Ecosystem tools, responsible for Tindex's eco-tool support, currently supports Spark, Hive, and plans to expand support for big data query engines such as Impala and drill.

Support cold data off-line, through the offline (spark/hive) query, a common problem for time-series database is that for time-sensitive data, we often do not want them to continue to occupy valuable query resources. Then we often need to query them at some point. For Tindex, you can define data that is more than a certain amount of time as cold data, so that the corresponding index data is offline from the query node. When we need to query again, we just need to call the corresponding offline interface to query.

SQL Engine, which is responsible for SQL semantic transformation and expression definition.

Zookeeper, responsible for cluster state management.

In the future, the modified Lucene indexes will be continuously optimized to achieve higher query performance. Optimization of the aggregation of indicators, including: small batches of processing data, the full use of CPU to quantify the ability of parallel computing; Using code compile to avoid frequent calls to aggregate virtual functions, and the continuous improvement of the ecological docking of big data, and so on.

Follow-up I will also explain in depth each part of the detailed implementation principles and practical experience, please pay attention! If have to ask, can add the author happyjim2010, communicate together!

About the author

James Wang, a number of fruit intelligence, founder &ceo.
Former Cool dog Music Big Data technology leader, Big Data architect, responsible for cool dog big Data technology planning, construction, application.

Analysis of a trillion-level log and behavioral data storage query Technology (continued)--tindex is a reformed Lucene and Druid

Contact Us

The content source of this page is from Internet, which doesn't represent Alibaba Cloud's opinion; products and services mentioned on that page don't have any relationship with Alibaba Cloud. If the content of the page makes you feel confusing, please write us an email, we will handle the problem within 5 days after receiving your email.
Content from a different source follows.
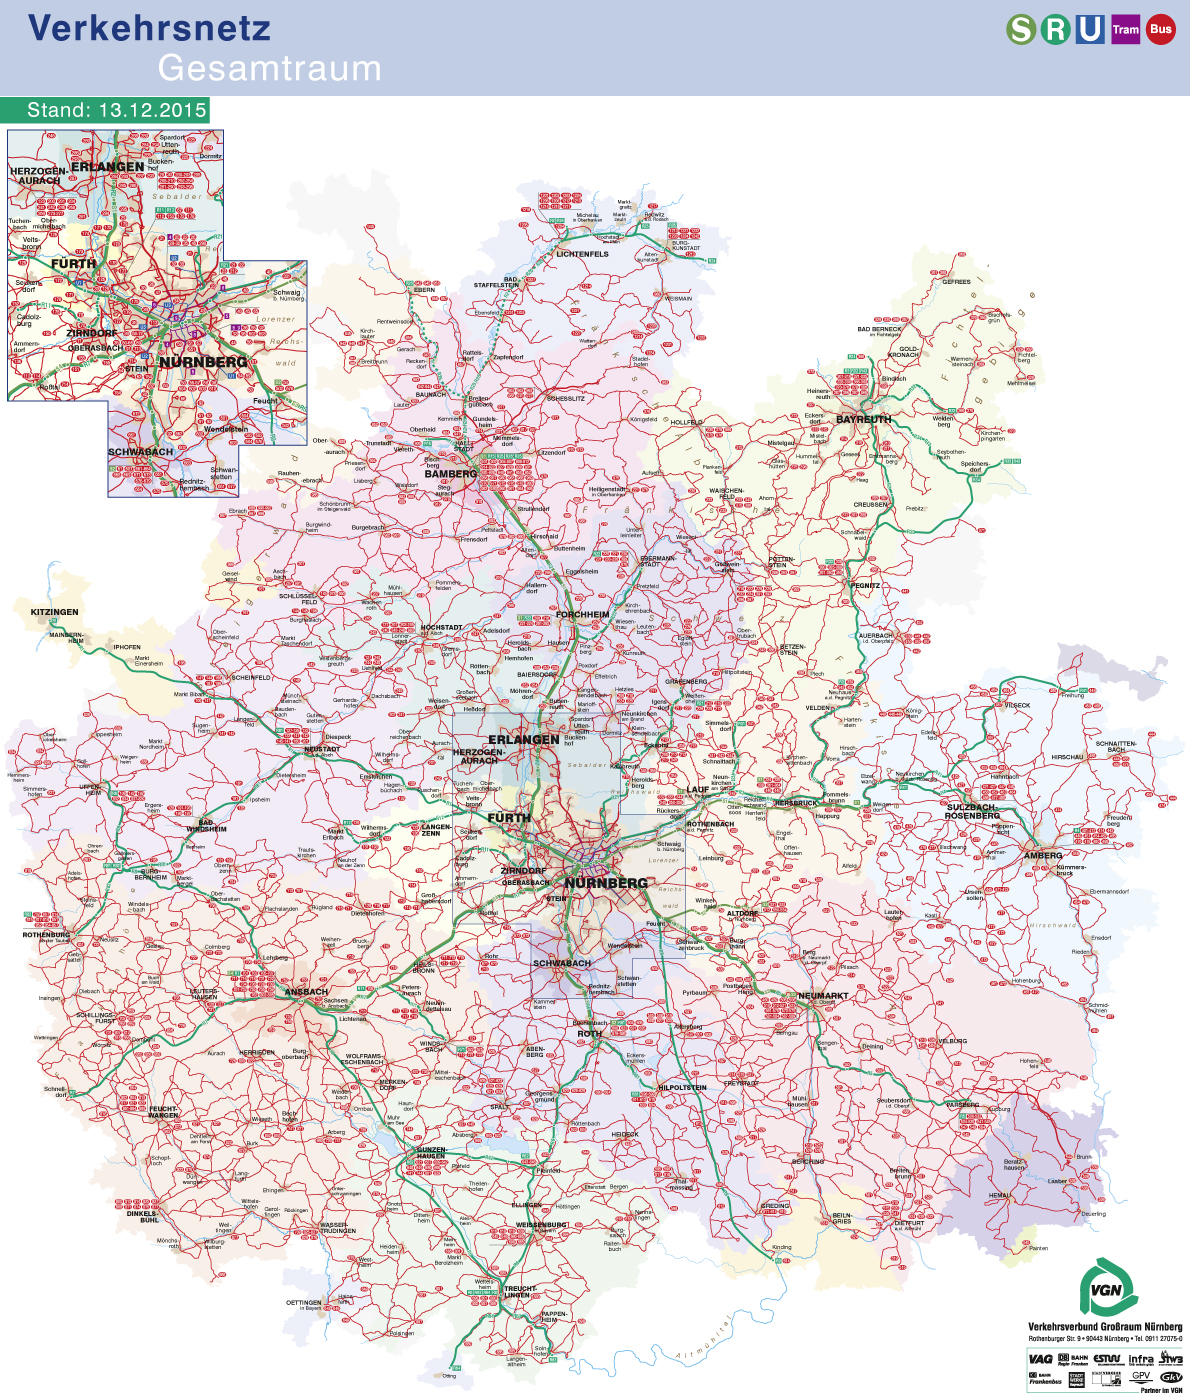 VGN-Verkehrsnetz-Gesamtraum

If you find any instances of plagiarism from the community, please send an email to: info-contact@alibabacloud.com and provide relevant evidence. A staff member will contact you within 5 working days.

A Free Trial That Lets You Build Big!

Start building with 50+ products and up to 12 months usage for Elastic Compute Service

  • Sales Support

    1 on 1 presale consultation

  • After-Sales Support

    24/7 Technical Support 6 Free Tickets per Quarter Faster Response

  • Alibaba Cloud offers highly flexible support services tailored to meet your exact needs.